There's a beautiful scene in the movie when Neytiri's mother, who is the spiritual leader of Pandora, is praying to nature and to ancestors for guidance. Thousands of natives are kneeling beneath a mighty tree, hands resting on the shoulder of their neighbor so that every member of the community is connected. They are all swaying from side to side in unified sincerity. I envy that kind of undivided oneness. We live in a divided country in divided times. Neighborhoods and families are divided, as are churches, communities, companies, and friends. So many people finding so many reasons to separate and stay disconnected. So sad.

I love being involved in the theatre community. When I am doing a play I am united with people from many and varied walks of life. We want our play to be great and so we support one another, lift each other up, and we are united in respect, love, and a sense of purpose. I love watching "Extreme Makeover, Home Edition". I cry each week when I watch deserving families receive the gift of peace of mind and a new home. I am inspired by the sight of hundreds and hundreds of people coming together to give of their time, talent, and energy to better the life of a stranger. There is joy in being united in purpose.

During a conversation with a friend the other day, I was expressing my disappointment with a couple of people in my life. My friend said, "Why are you looking at people? Just look to God." I look to people because I crave community and unity. I work best when I’m a member of a team – a cog in the machine. I find it hard to get motivated to accomplish much of anything when I am isolated, but people inspire me. I love people! I crave people!

In Avatar, as in real life, it often takes a tragedy to unite people. In the days, weeks, and months after 9/11 we were a country united. We looked out for one another, we prayed together, and we supported our leaders. Tragedy unites.

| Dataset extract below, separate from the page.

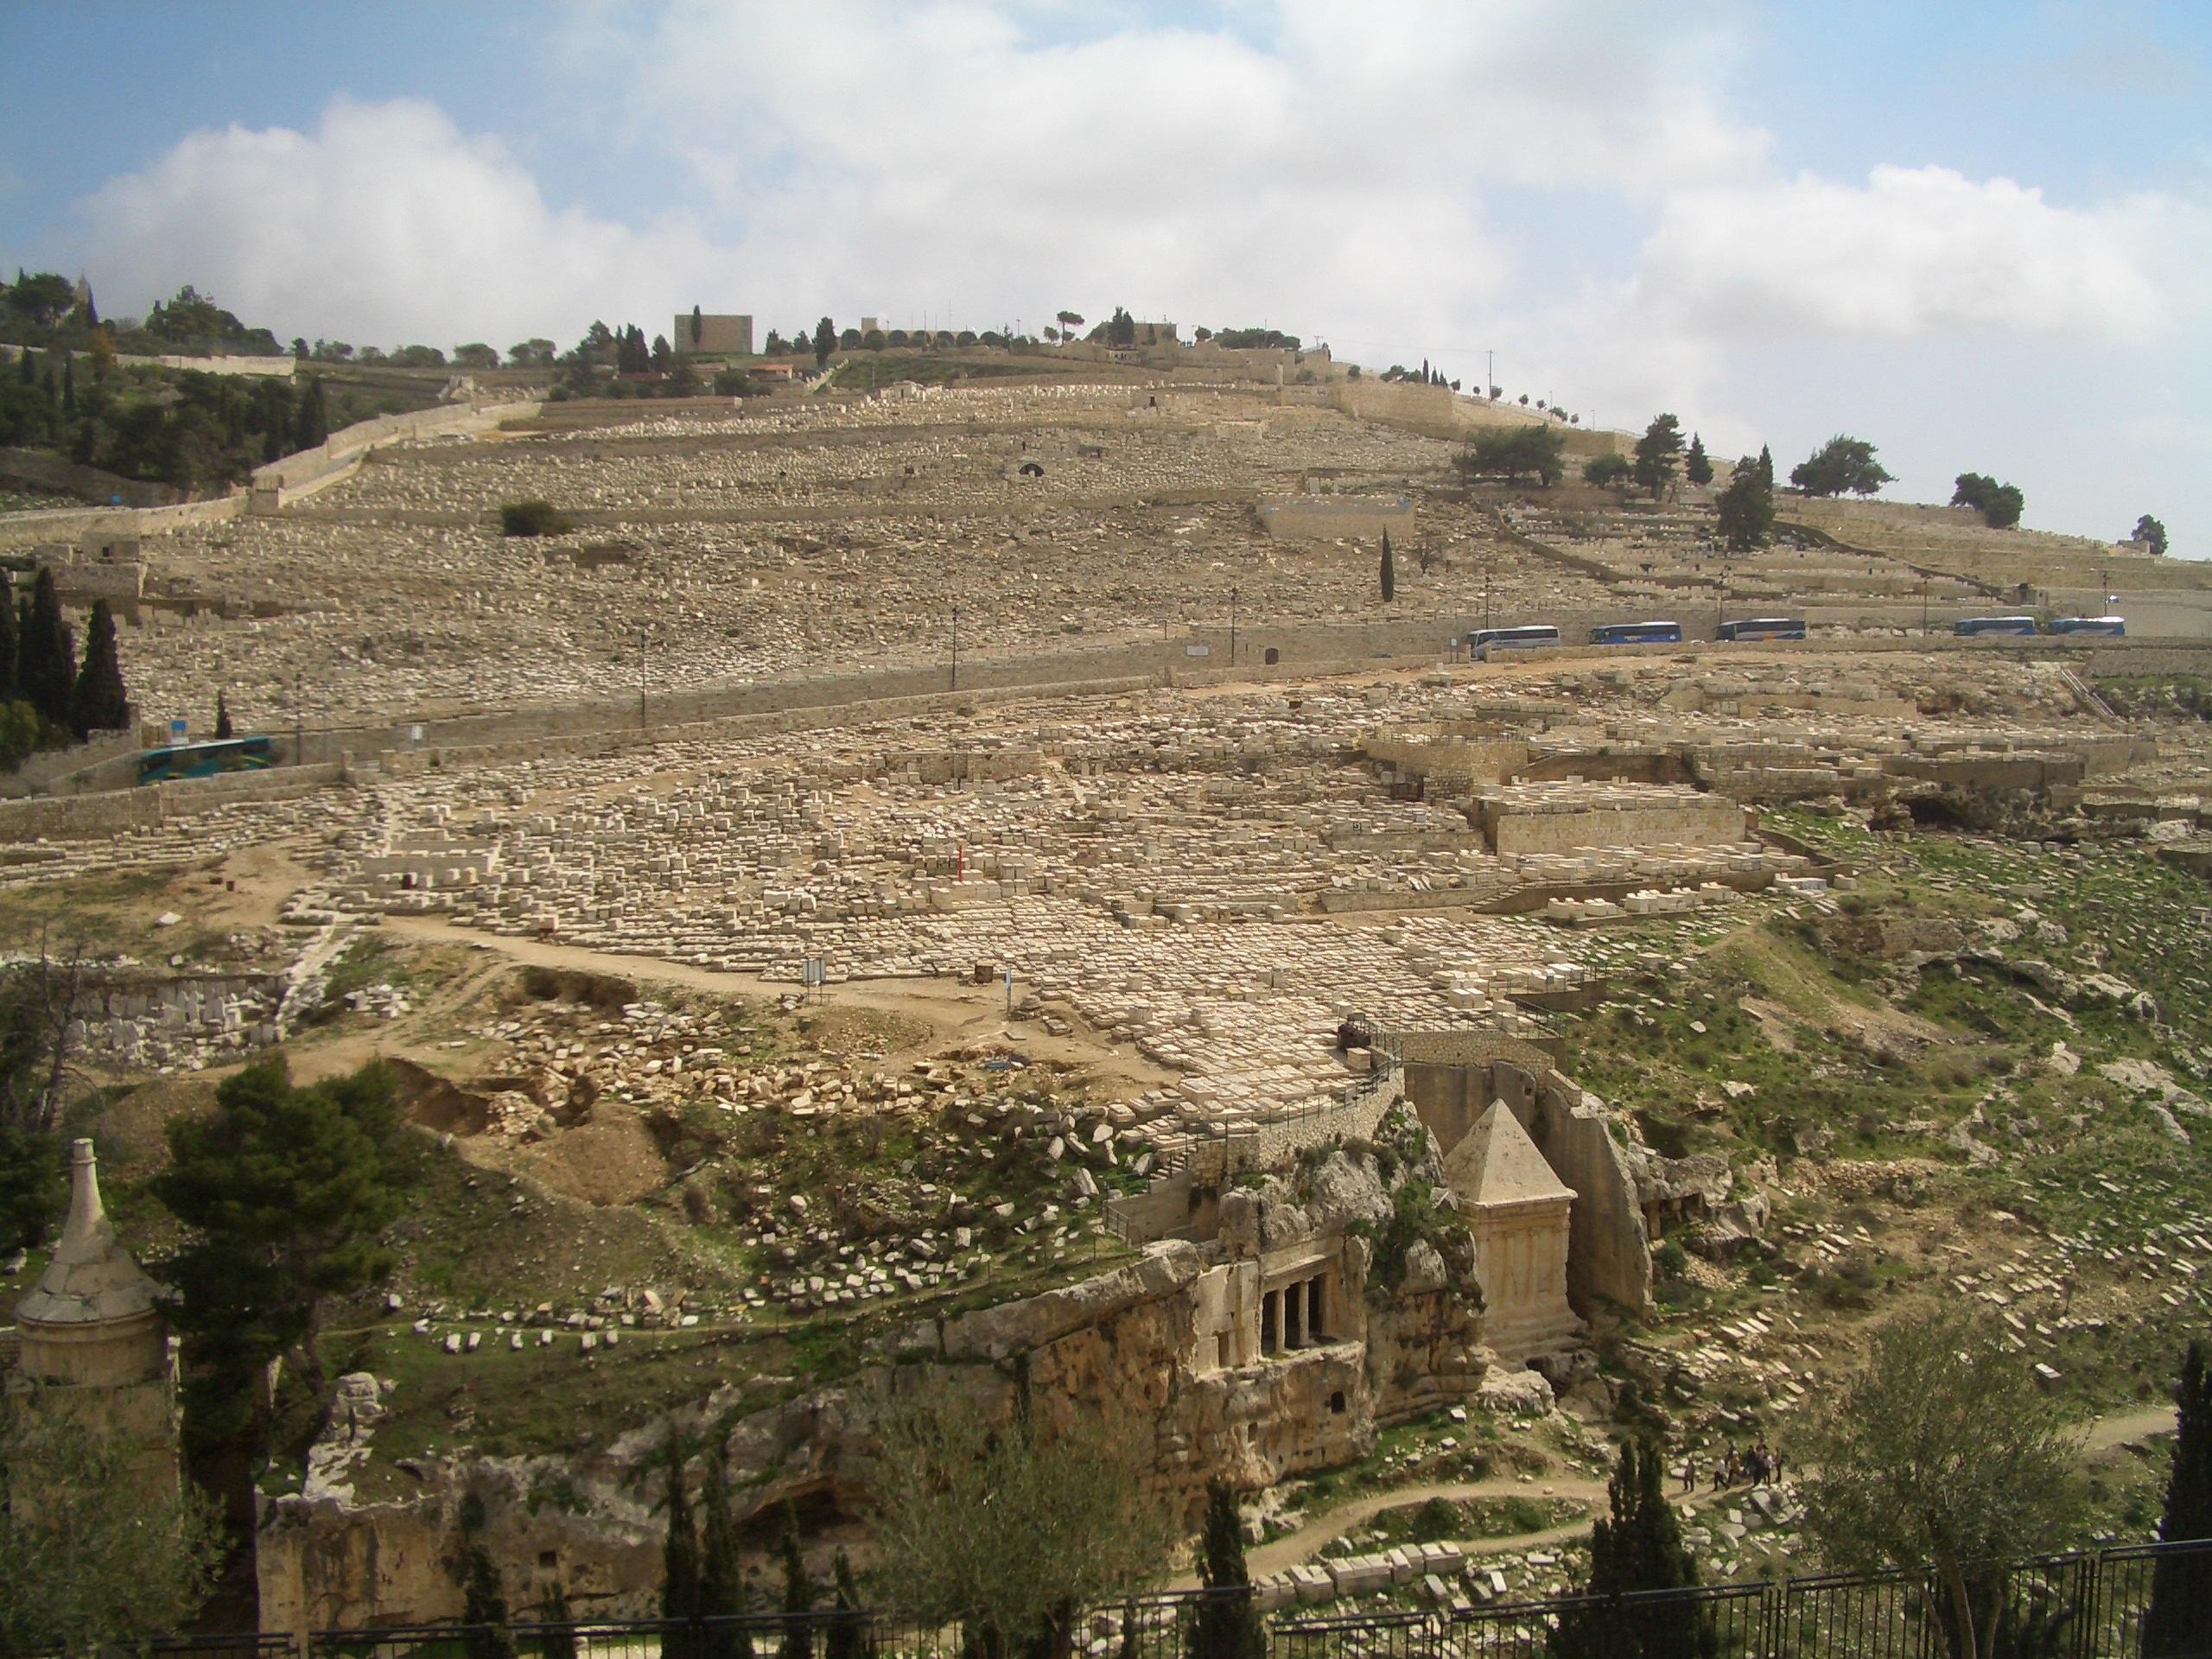 上图:从耶路撒冷城向东看橄榄山犹太公墓,山坡上有超过15万个坟墓。下面的汲沦溪中也有古代的汲沦谷墓地(Kidron Valley necropolis)。汲沦溪历来就是倾倒不洁之物的地方(代下十五16;二十九16;三十14),现在这里两边都有犹太人和穆斯林的墓地。里面埋着多少恶人、多少义人,只有神才知道。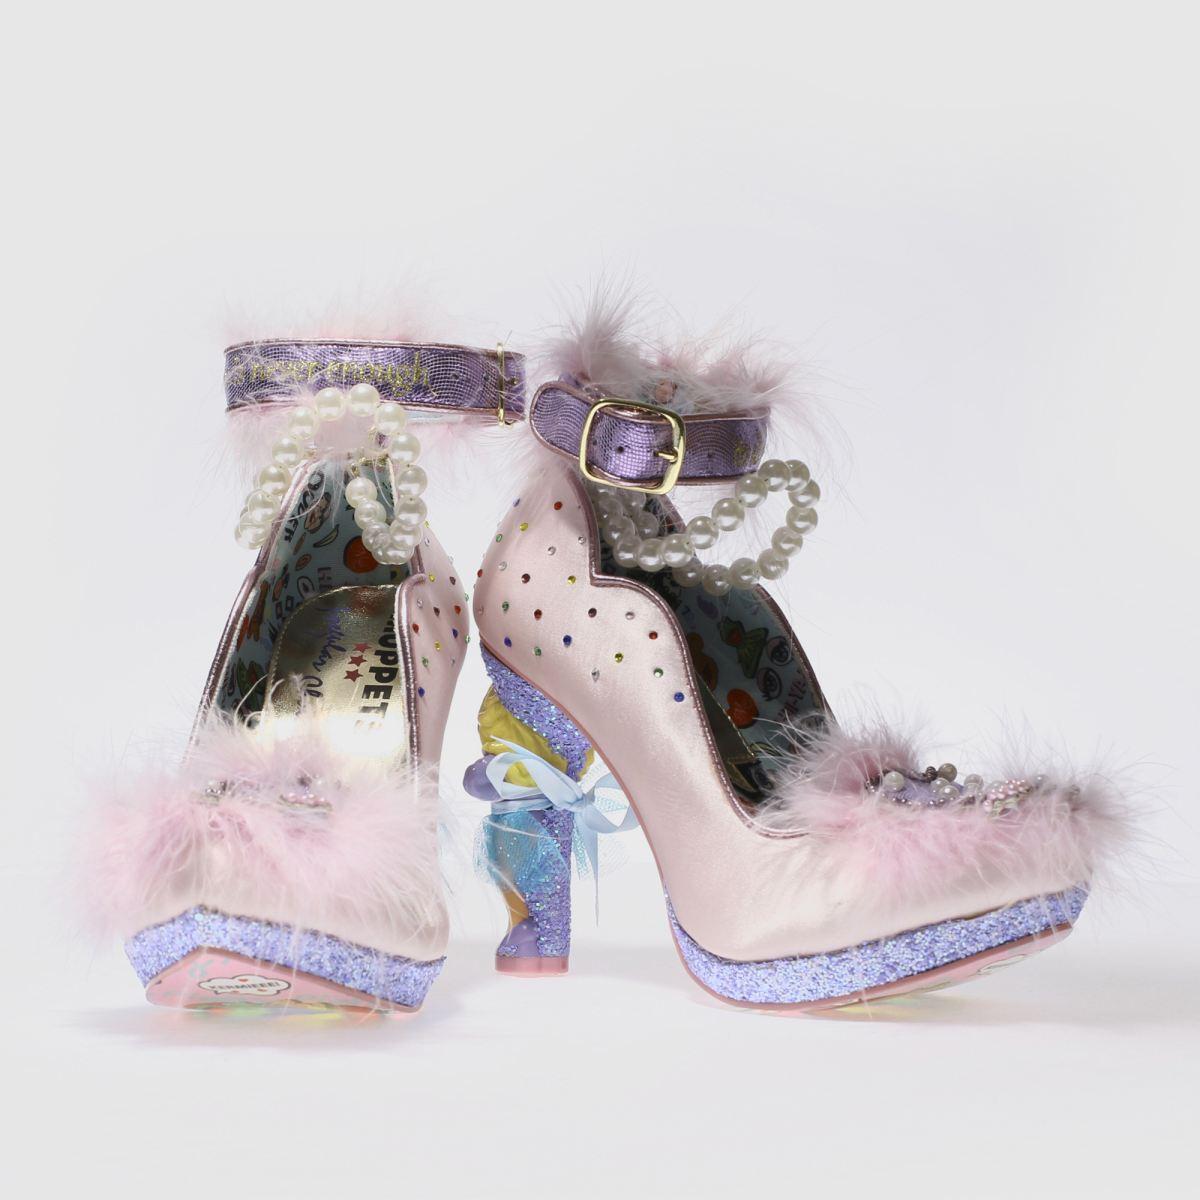 Damen Rosa All irregular choice Disney Muppets All Rosa About Moi High Heels | schuh Gute Qualität beliebte Schuhe 68af88

Tragedy reminds us to look beyond ourselves and to tend to the needs of others. It reminds us that we NEED each other. I need you every day – in times of peace and in times of war; in times of prosperity and in times of need; in times of sickness and in times of health. So much can and will be accomplished, but only if we work together.

Tuesday, January 5, 2010

Thank You Kay!

Several years ago I met a young girl I will call “Kay”. Kay was maybe 16 or 17 when I first became aware of her. She was a not only a beauty, but she was a gifted singer and dancer. I had been working with the Junior Company (a performance training ground for talented kids) for a few years, and then – as now – I loved working with those great kids. Anyway, Kay was brilliantly talented, and she was around the same age as my own kids. I absolutely loved watching Kay perform on stage – and she performed a lot.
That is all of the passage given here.